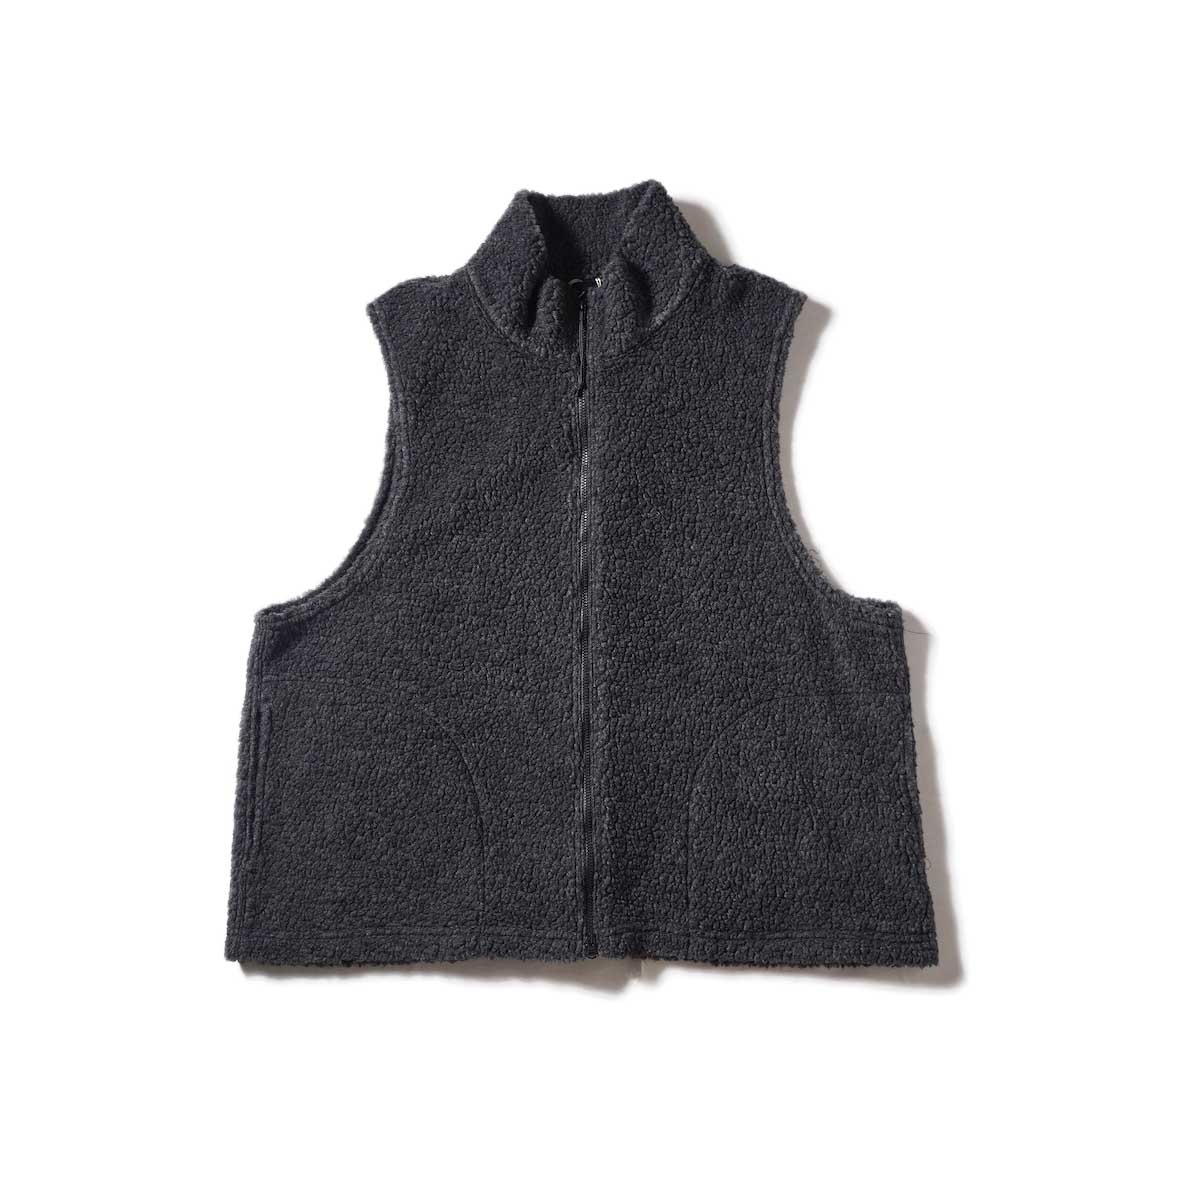 Engineered Garments / High Mock Knit Vest - Wool Poly Shaggy Knit (Charcoal)
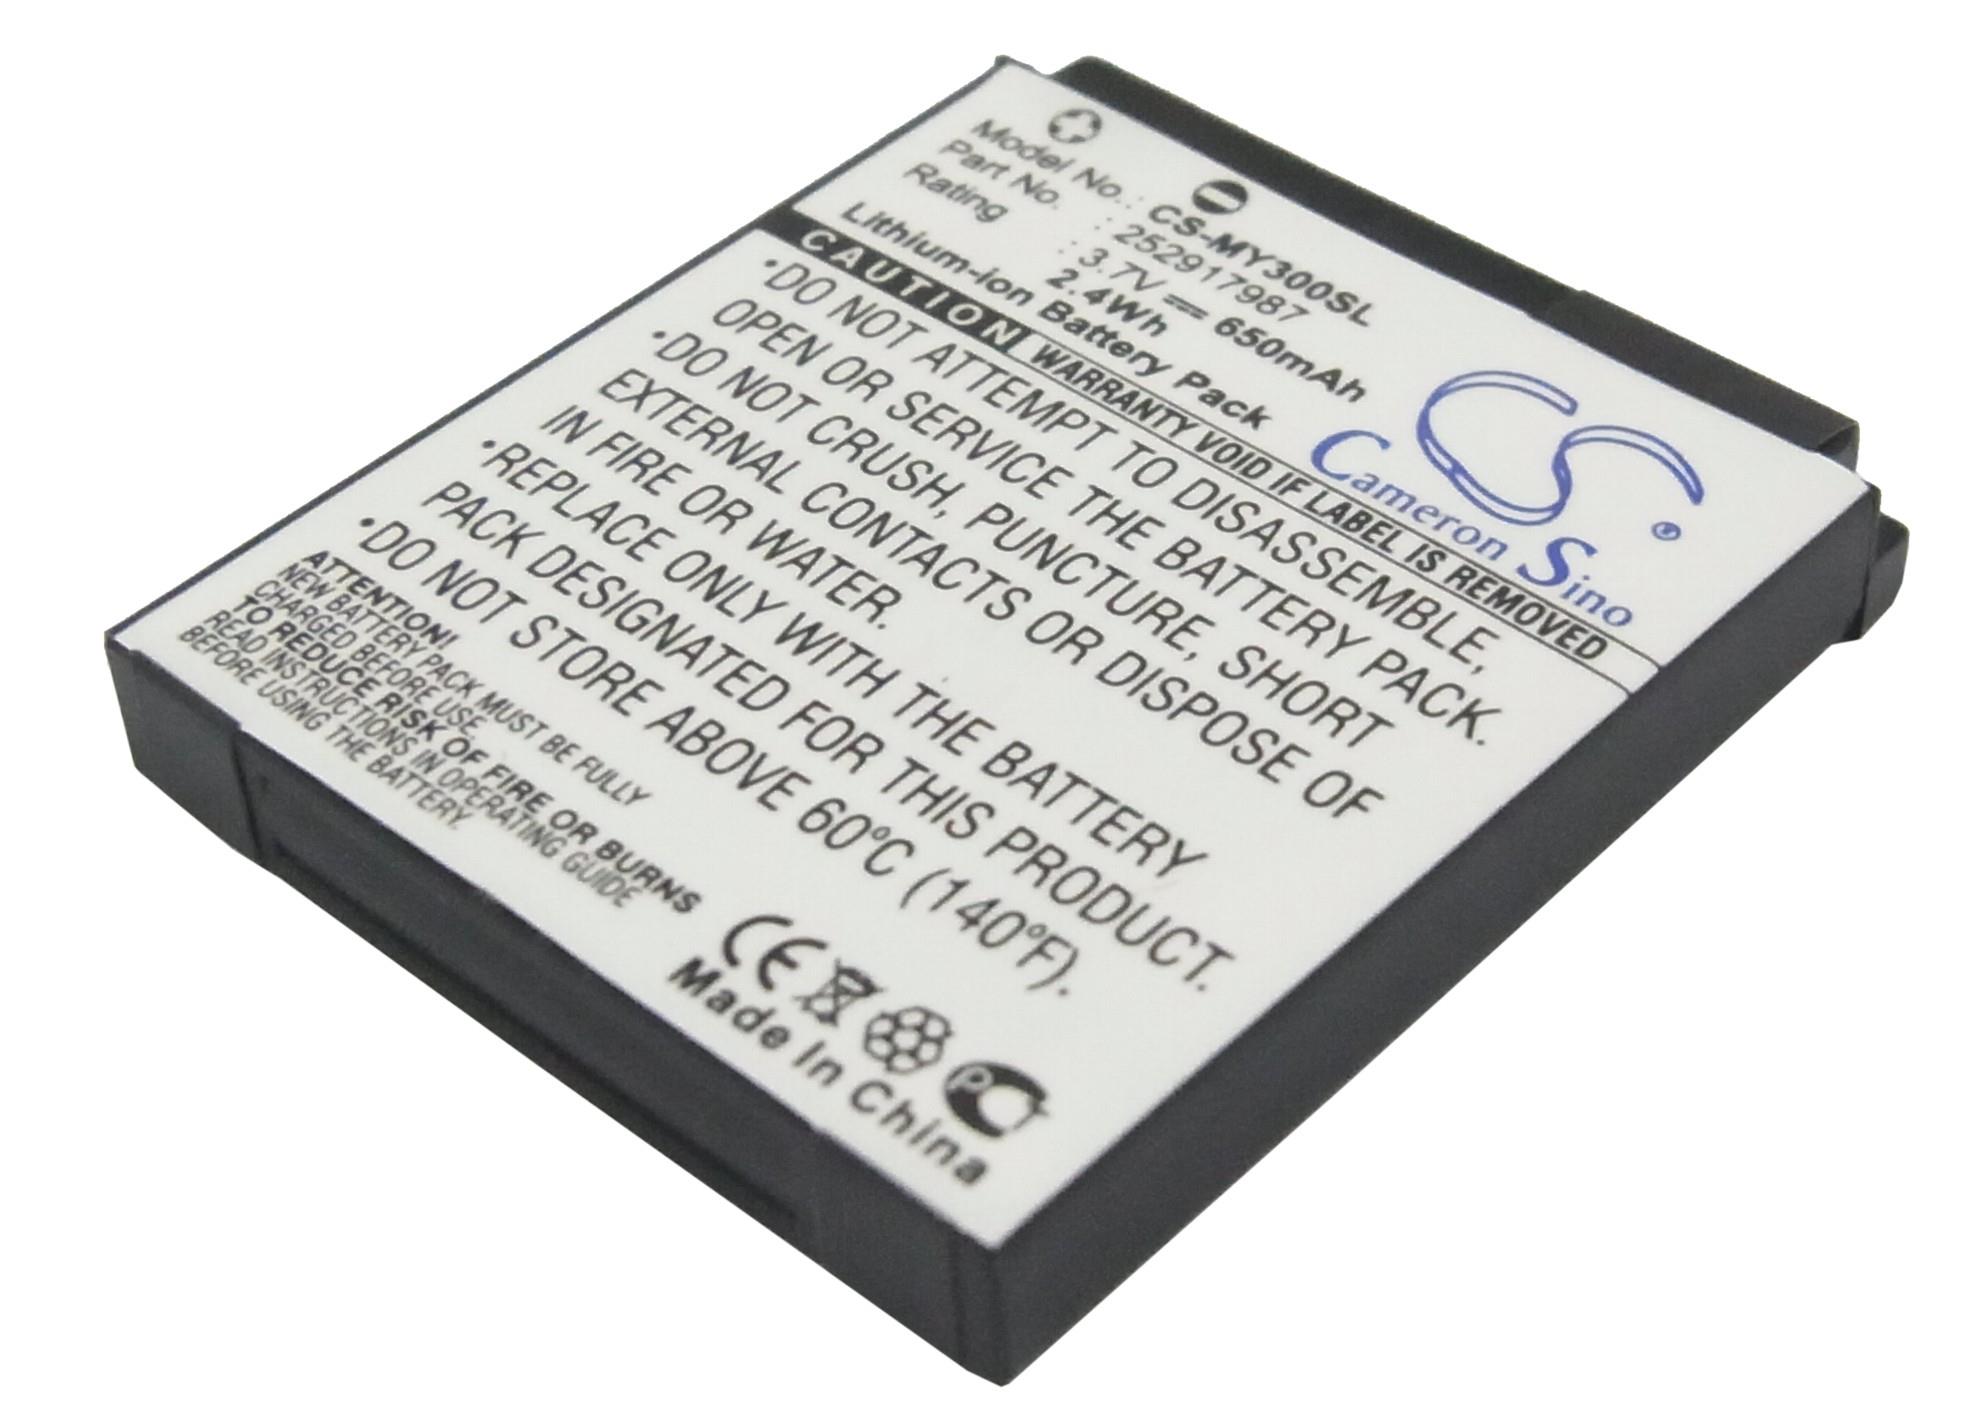 VinTrons Replacement Battery 650mAh/2.4Wh For SAGEM MY200, MY 200, MY200c, MY202, MY 202, MY202c, MY 202C, MY213x, MY 213x, MY300
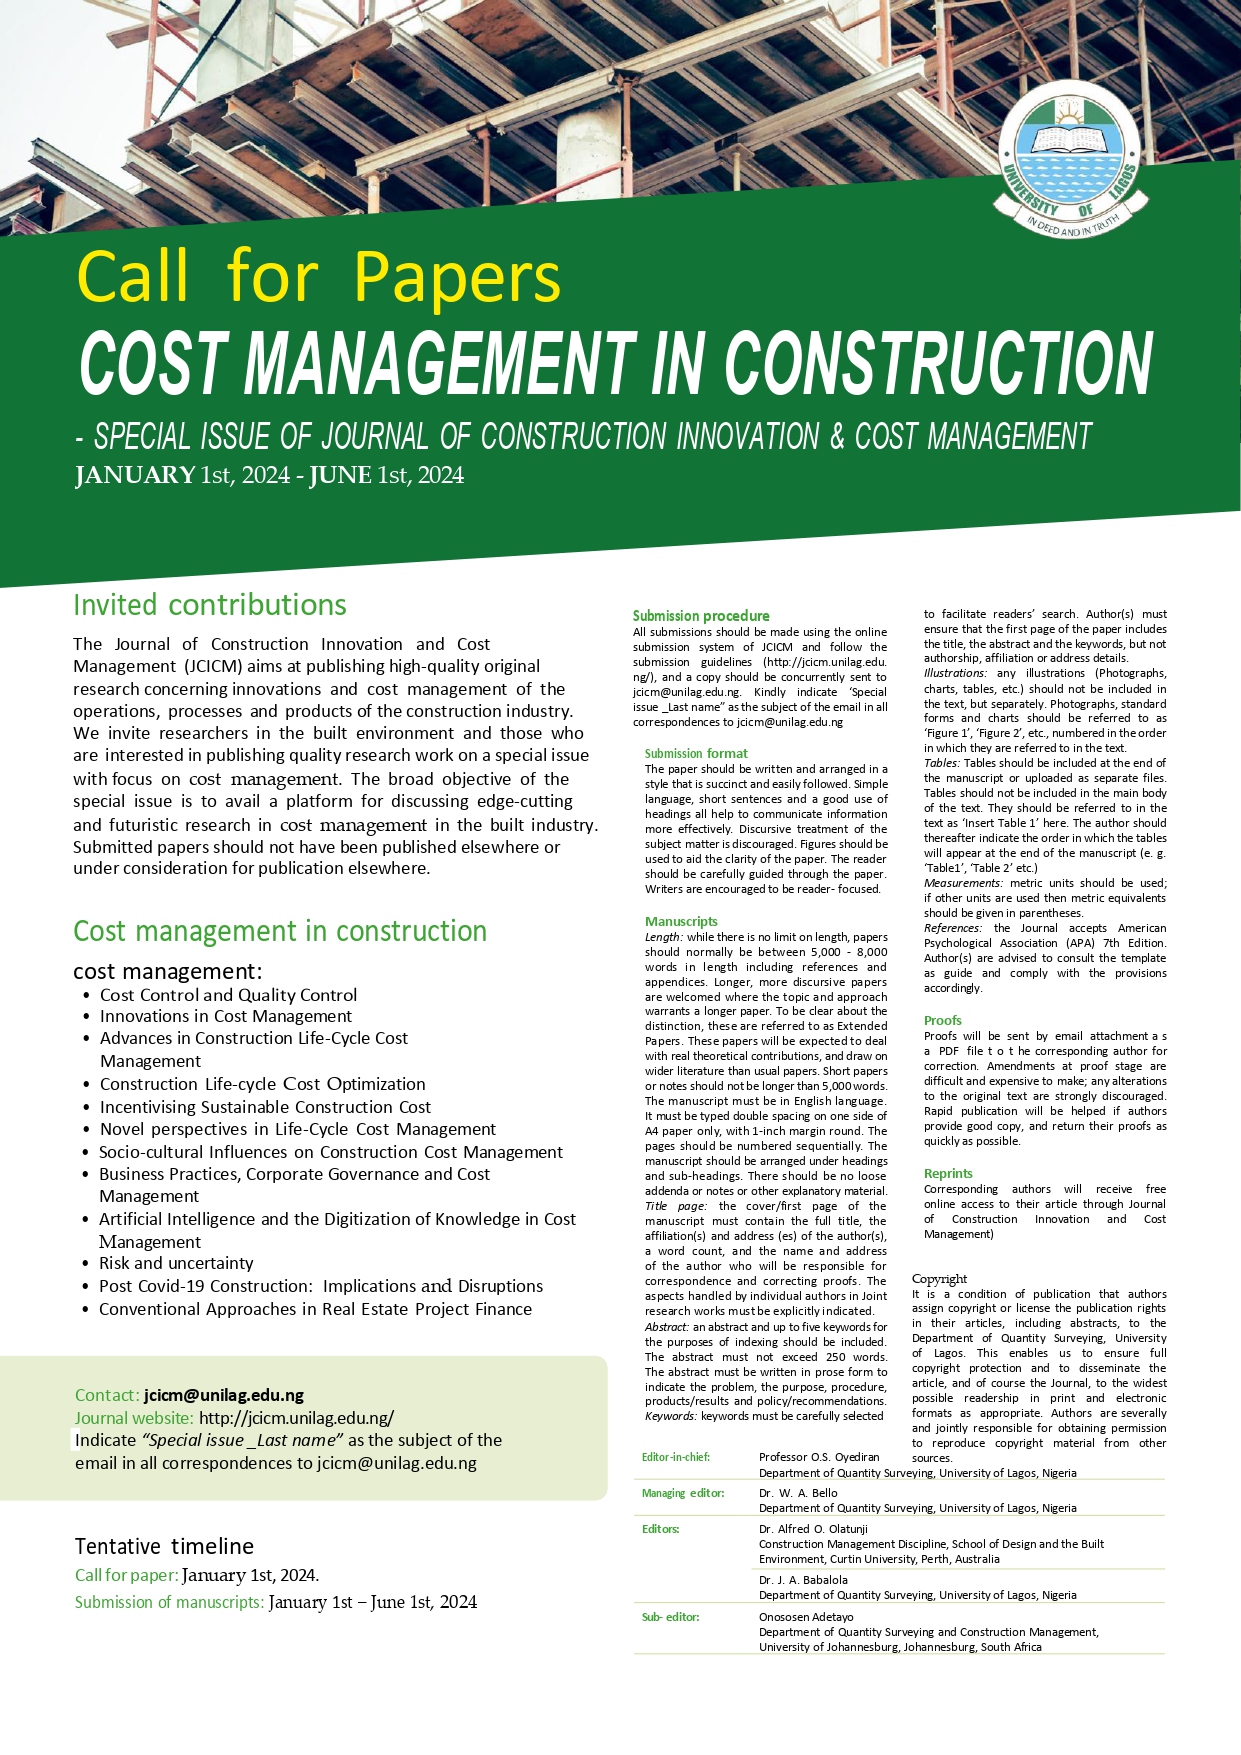 JCICM_CALL_FOR_PAPERS_COST_MANAGEMENT_page-00011.jpg
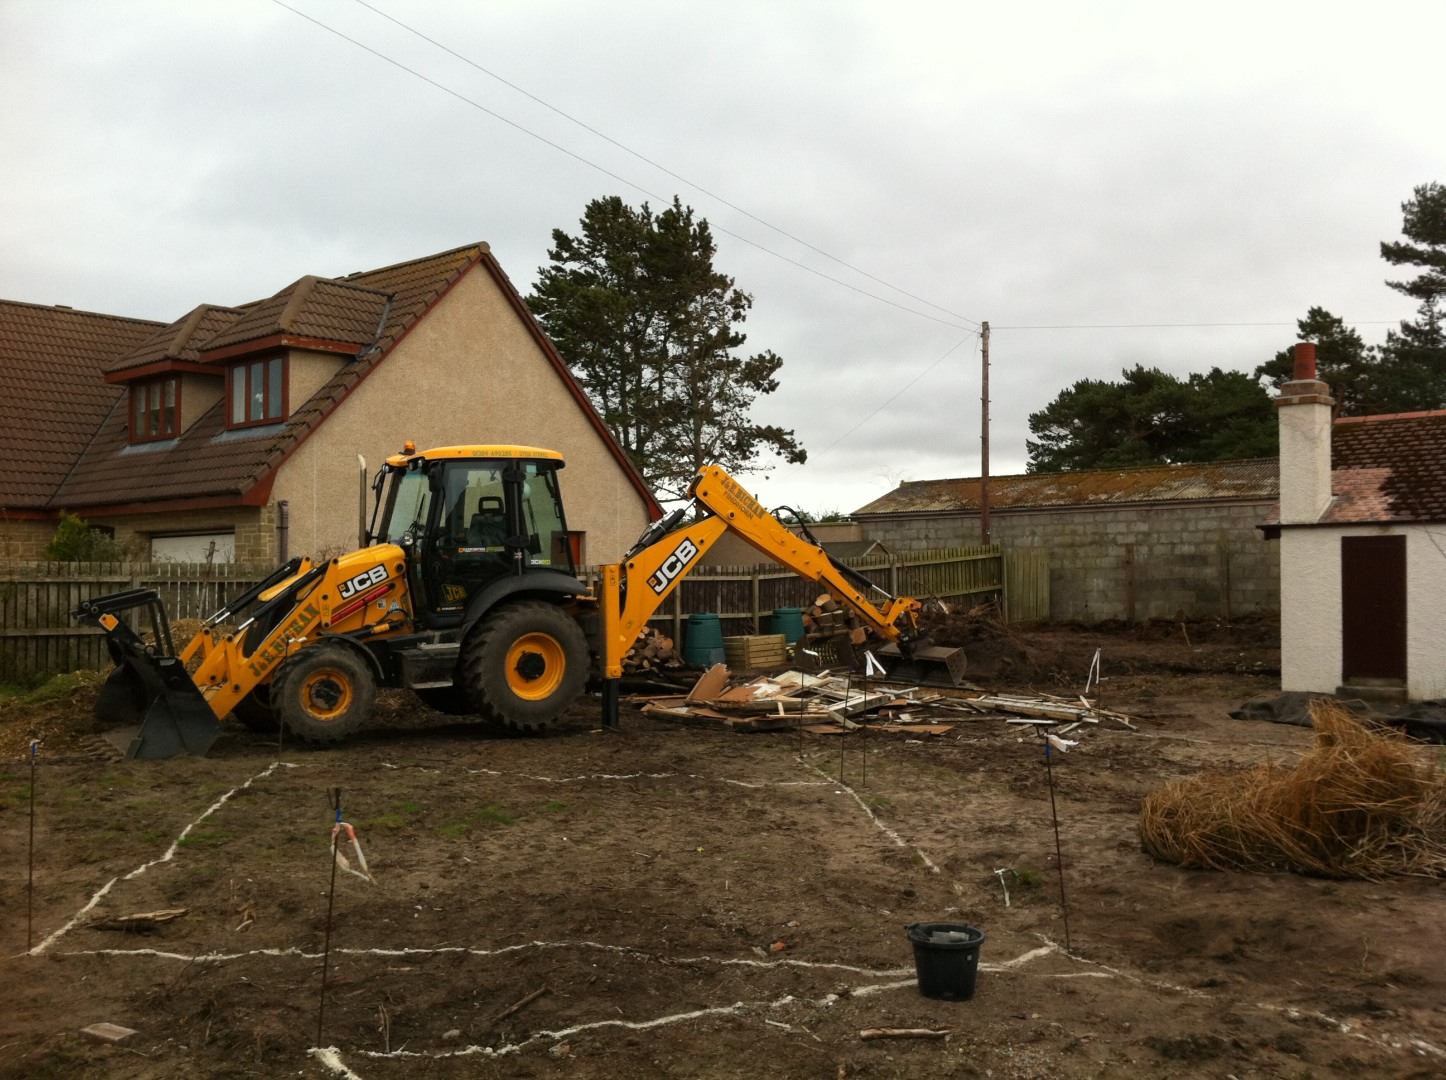 No more wendy house

▶ _Exercise objective_
Everything in the listing must be restated word for word, except for the pictures.

▶ _Exercise answer_
 Engineered Garments / High Mock Knit Vest - Wool Poly Shaggy Knit (Charcoal)
 VinTrons Replacement Battery 650mAh/2.4Wh For SAGEM MY200, MY 200, MY200c, MY202, MY 202, MY202c, MY 202C, MY213x, MY 213x, MY300
 JCICM_CALL_FOR_PAPERS_COST_MANAGEMENT_page-00011.jpg
 No more wendy house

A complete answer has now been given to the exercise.